What is a coating?
In many engineering applications the role of a coating layer is a key factor for determining its performance. The concept consists on applying a superficial cover to the substrate (ground material). Such coating is typically a few microns and will determine the distinctive characteristics of the product.
Why to use coatings?
Different goals can be pursued when using engineering coatings: examples include preventing and controlling wear and friction in tribological applications or wear and resistance in structural mechanics; aiding in corrosion prevention for parts working in aggressive environments; as a deposition to repair surface damage. The applications are numerous but we will not extend further in that topic, even though the type of coating and its purpose can be different the basic concept is still the same, i.e. a base material that has a characteristic material in its surface.
Current problem in the design of coatings
The engineering coating technologies fight for its portion of a very competitive market, in such market minimizing development costs can make the difference on the road to success. Because creating prototypes and subsequent experiments to evaluate its behaviour can be not only a laborious and time consuming task but also fairly expensive other means to aid in the development without incurring in large costs should be considered.
In the past years the approach has shifted from more physical testing to virtual testing. Thus the physical testing only takes place as a final stage in order to verify assumptions and validate the models. Following such trend we currently propose to use finite element analysis (FEA) to assist on the first stages in the development of coated products and have an accurate estimation of its performance. Hence sparing in experimental trials, time and resources.
In the field of FEA Abaqus (Dassault Systèmes Simulia Corp.) has set a landmark because of its robust solvers, its capabilities and strength to solve non-linear problems and its cutting edge technology.
Abaqus includes features that can definitely help in the current hot topic. In Abaqus a functionality called skin allow for the creation of a very thin layers on top of a base material. These layers can have different material properties than the ground material. Typically, the properties of the coating/skin are the ones that will determine the distinctive properties of the product.
The generation of a skin is relatively simple process. You only need to select the surface where the skin wants to be generated. No further definition of how the surfaces are bonded to each other is required. The process where more details can be given to this layer comes when the material properties and thickness are assigned through the section assignment in the property module.

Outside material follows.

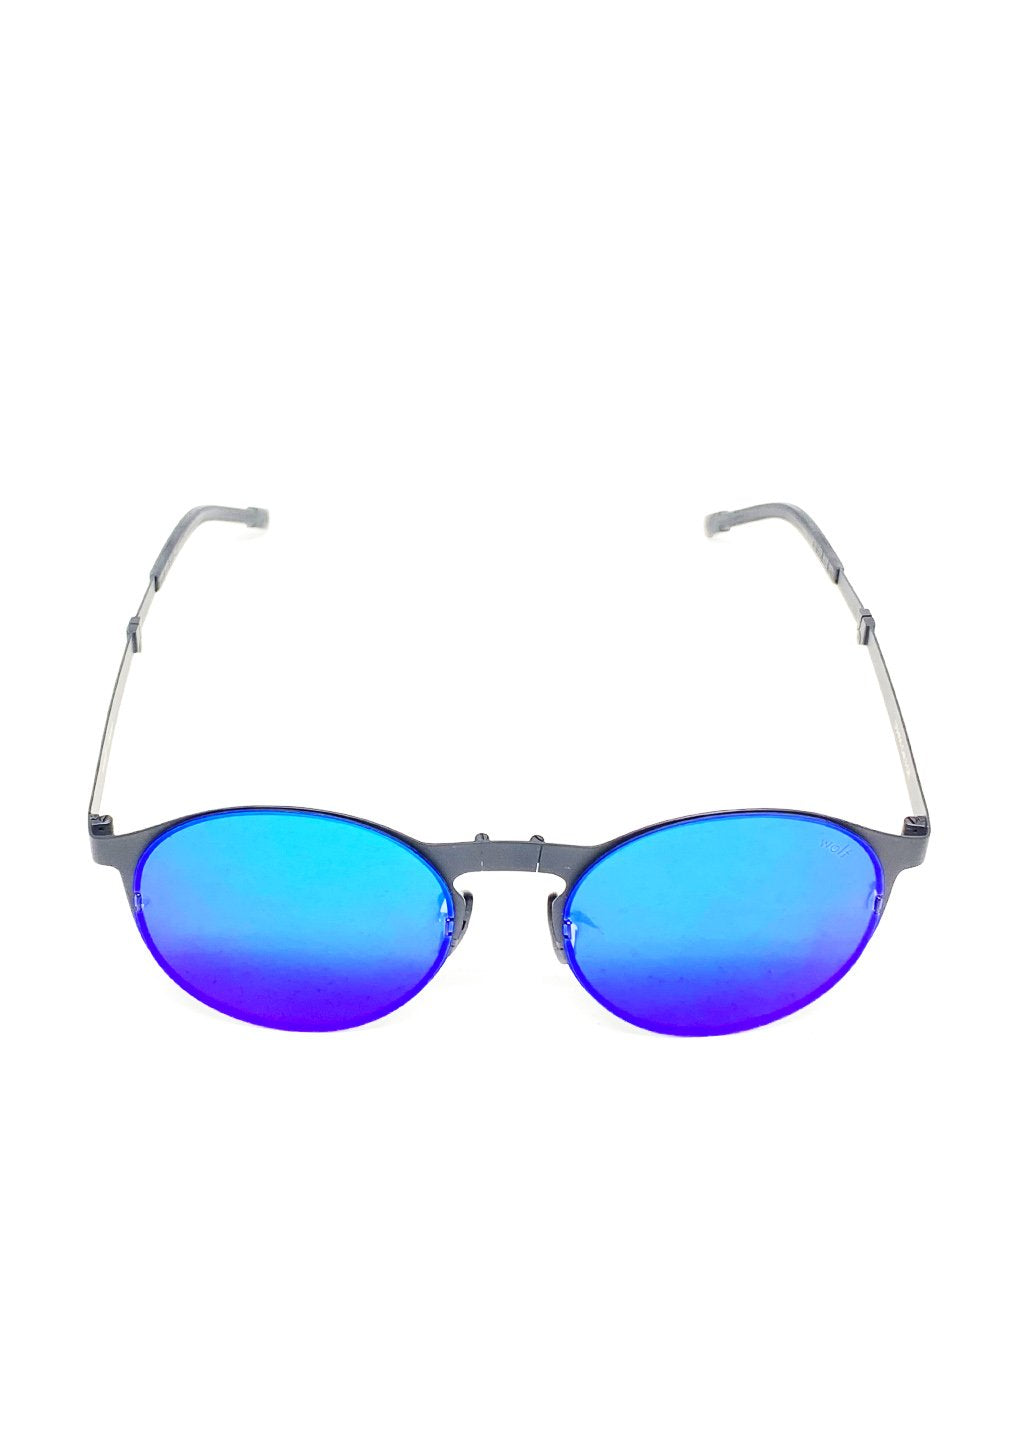 Looper - Foldable Round Sunglasses

In order to illustrate the process I have picked from www.grabcad.com an insert from a milling tool. The latter is a typical product that often requires coating deposition to increase it mechanical properties and reduce friction hence increasing it performance.
Figure 1. Rendering of the tool including the golden inserts that were used in the current FE model. CAD model and renders obtained from https://grabcad.com/library/cutter-bodie-and-inserts-for-milling
The insert is subjected to a force created when cutting the material. Such force is only in one of the cutting corners. The bottom face is fixed in space. In this a simplified process milling process could be simulated.
For the current blog the focus was on the definition of the skin. Therefore a more detailed description will be given below.
Guideline to create a skin and assign material properties:
- Make sure you are in the Property module
- Select from the main menu bar Special > Skin > Create… and then select the surface of interest, holding “shift” to add multiple surfaces.
- Create a section of type shell Section > Create > Shell (Category) and Homogeneous (Type). In this stage you will be able to specify , among others, the thickness and the material properties.
- In order to have only the skins visible to assign the section from the drop down menu on the top bar select Skins and select all the skins that you are interested in.
You can select the full model if you have only one skin. Then click on Replace Selected and only the skins should be visible.
- Assign the section recently created: Assign > Section and click on the skin of interest. The skins have now the materials properties and thickness assigned.
In a simple and default view the part does not look like any coating has been applied, Figure 2.
Figure 2. Blank insert where a skin (green) has been created on top of the base material to simulate a coating. The figure shows that besides the difference in color the skin is not seen as extra thickness.
However, the fact that the skin is not clearly observed is only a visualization effect. By rendering the thickness of shells the coating can be observed, Figures 3-4.
Figure 3. Close up where the rendered thickness can be observed. Notice that now the green layer has a thickness that was not observed before.
Figure 4. Detailed from the bottom showing the thickness of the coating layer. The green skin has a uniform thickness that can be clearly distinguished from the bottom view.
When talking about the elements to mesh the skin it needs to be said that the skin cannot be meshed individually. Abaqus will generate elements with nodes coincident with the nodes from the underlying material, Figure 5.
Figure 5. Elements created on the skin; they have the same shape of the underlying element. The user has control over those elements only by changing the elements of the base material.
The elements that can be used to discretize the skin can either be shell or membranes with the latter having no stiffness in bending.
Now you are ready to continue with the model definition and later run the analysis. Figure 6 shows an example when a force was applied on one of the corners of the insert simulating a machining process.
Figure 6. Particular stresses on the base material and on the coating.